Words are important. Writers know that. Now researchers are using words to create algorithms to help prevent suicide. And they are basing their research on Virginia Woolf’s use of words in her writing before she drowned by walking into the River Ouse on March 28, 1941.VW Diary Vol. 5

Researchers from St. Joseph’s Healthcare, McMaster University and the University of Rio Grande do Sul in Brazil have analyzed that writing to create a word cloud from the 46 documents Woolf wrote during the last two months of her life, along with a cloud created from random samplings from 54 of her letter and diary entries prior to that period.

Reading the clouds

The contrast is stark, explains Dr.
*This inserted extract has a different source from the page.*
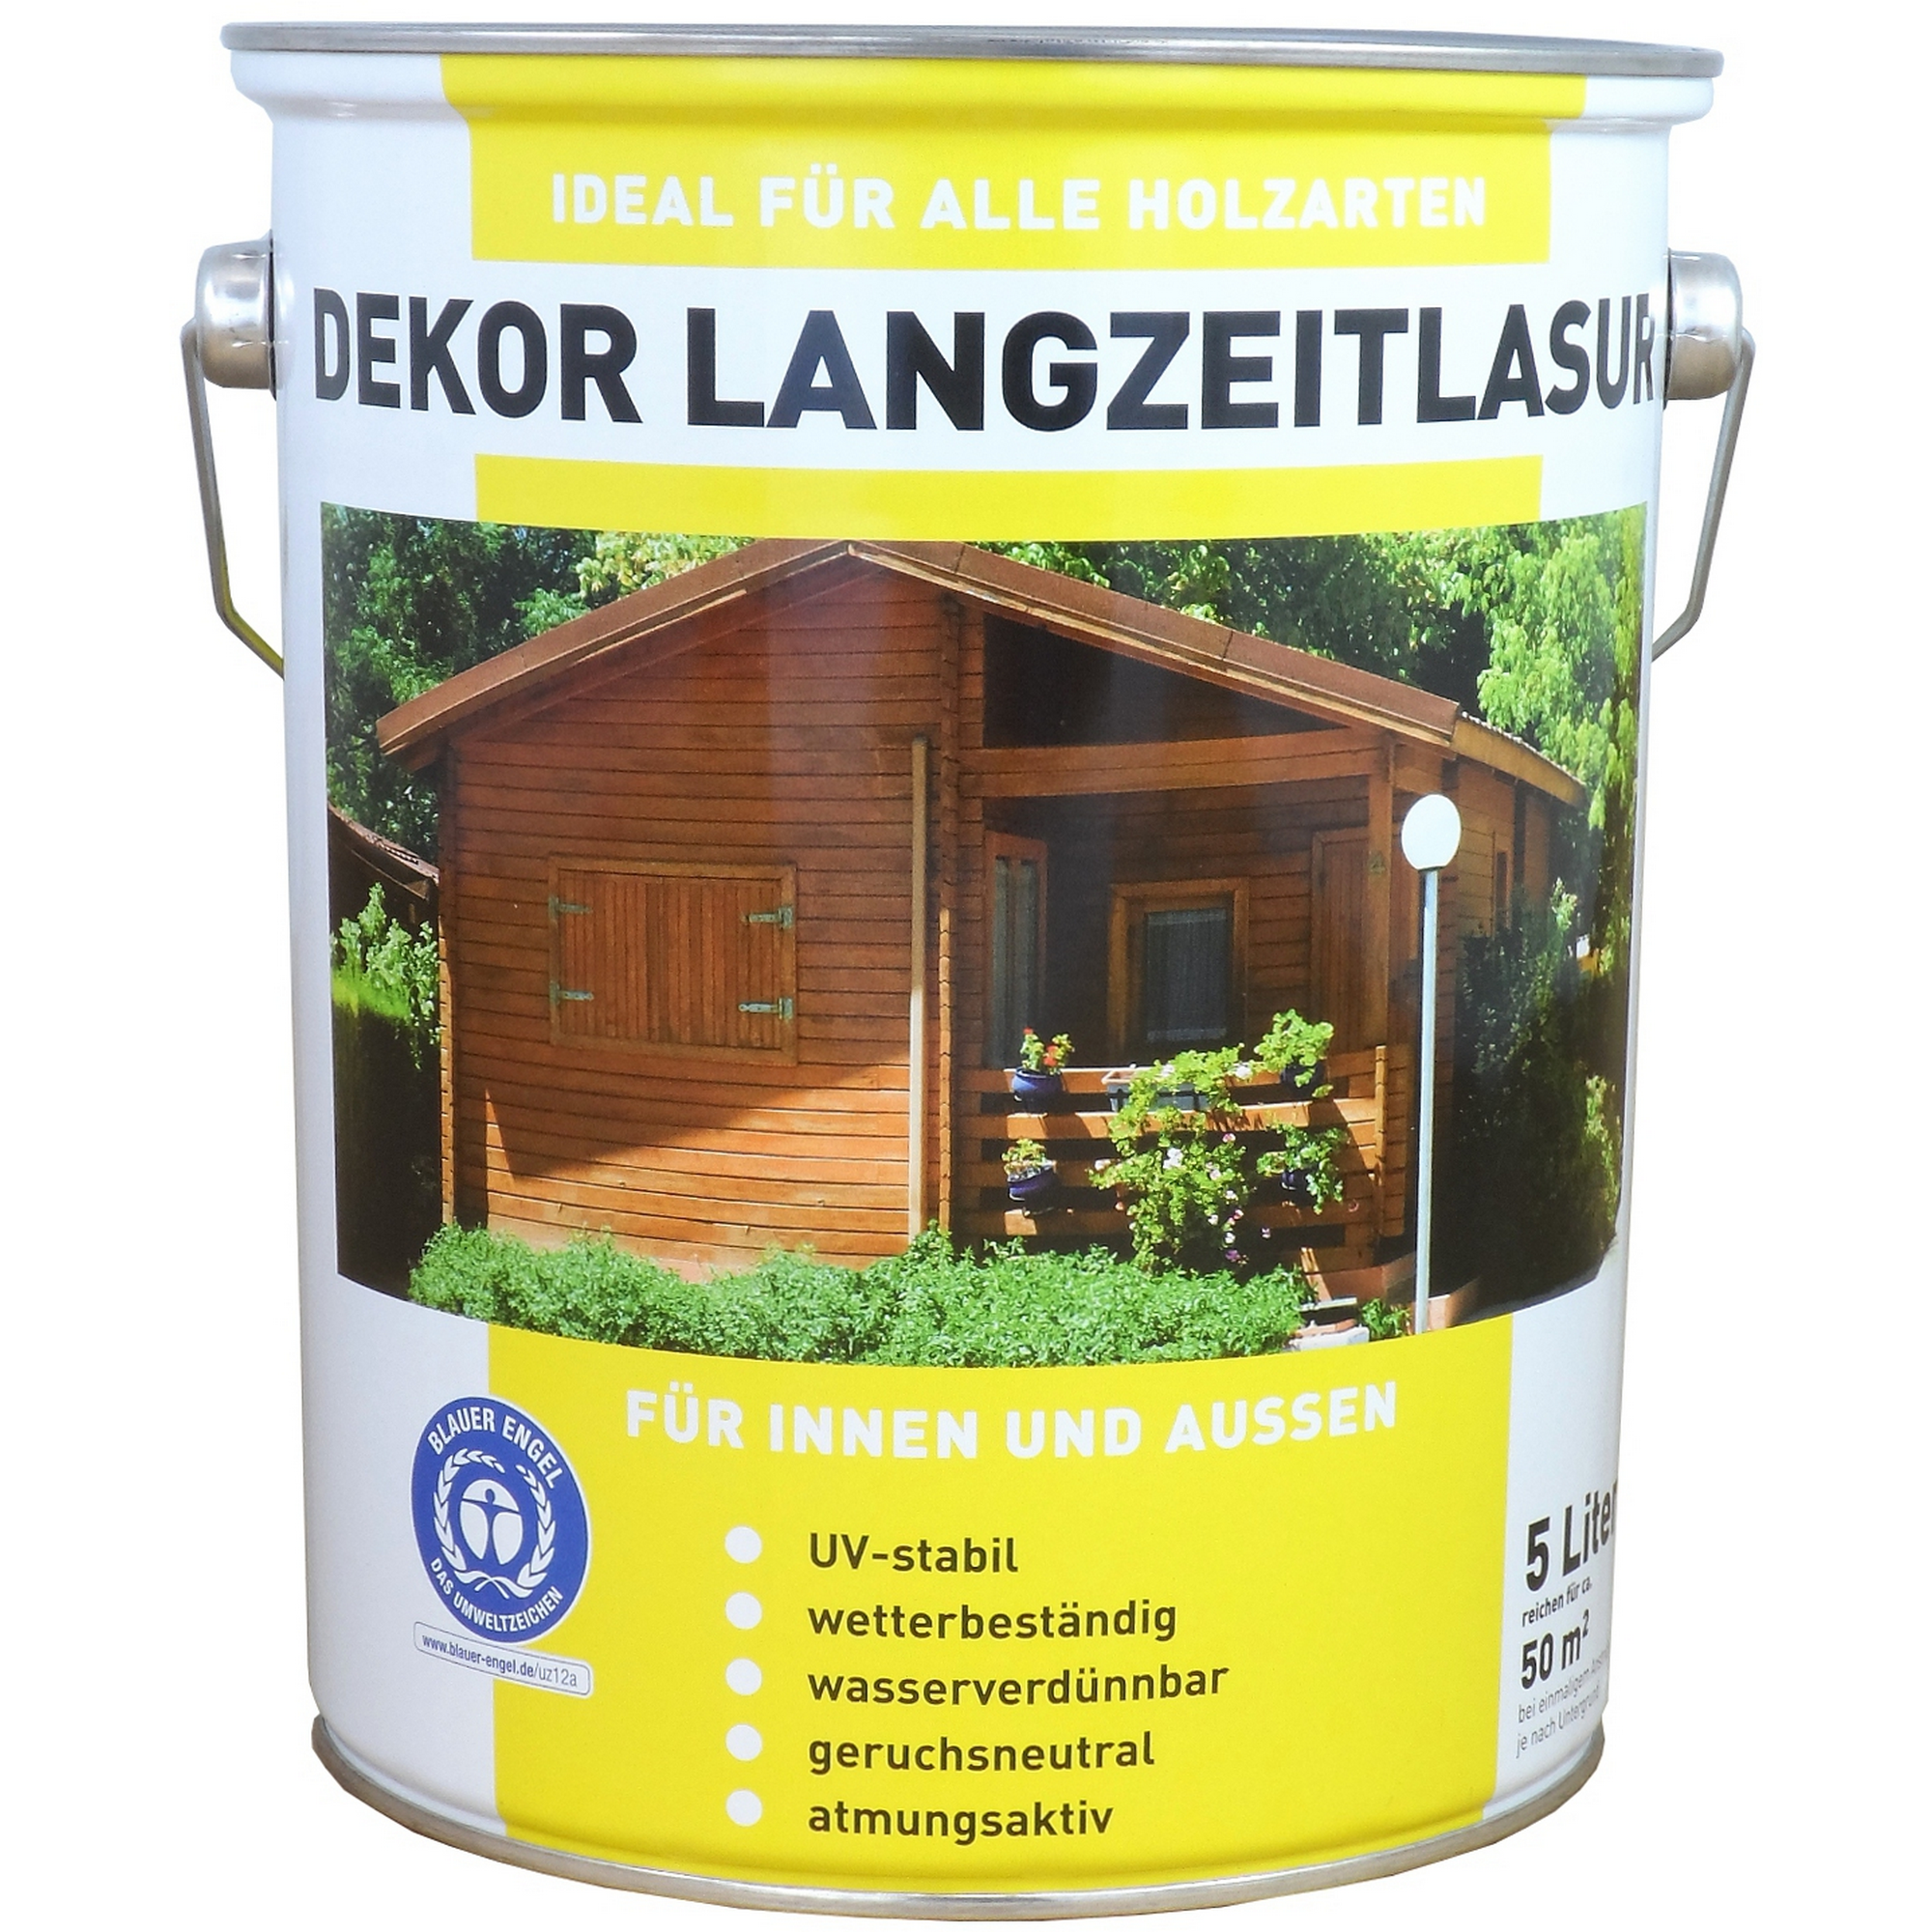 Langzeitlasur 'Dekor' nussbaumfarben 5 l + product picture

Diego Librenza-Garcia, a post-doctoral fellowship at the university in Brazil. 

The cloud compiled from her writing during the final months of her life includes such words as: little, miss, war, nothing, never, can’t and don’t, negative words that indicate Woolf’s hopelessness.

In contrast, the cloud compiled from happier times in Woolf’s life, frequently used words such as love, tomorrow, nice, hope and good.

The researchers created a “text classification algorithm” unique to Woolf’s vocabulary and concluded it would have been able to predict her suicide with 80.45 per cent accuracy. – The Spectator

An app that would build algorithms

The researchers hope to design an app that would build an algorithm for each individual patient that will analyze texts, emails and social media posts of at-risk patients who have consented to participate, so their caregivers can be alerted when intervention is needed to prevent suicide, according to an article in The Spectator

The research team’s study was published Oct. 24 in PLOS One, a peer-reviewed open access scientific journal.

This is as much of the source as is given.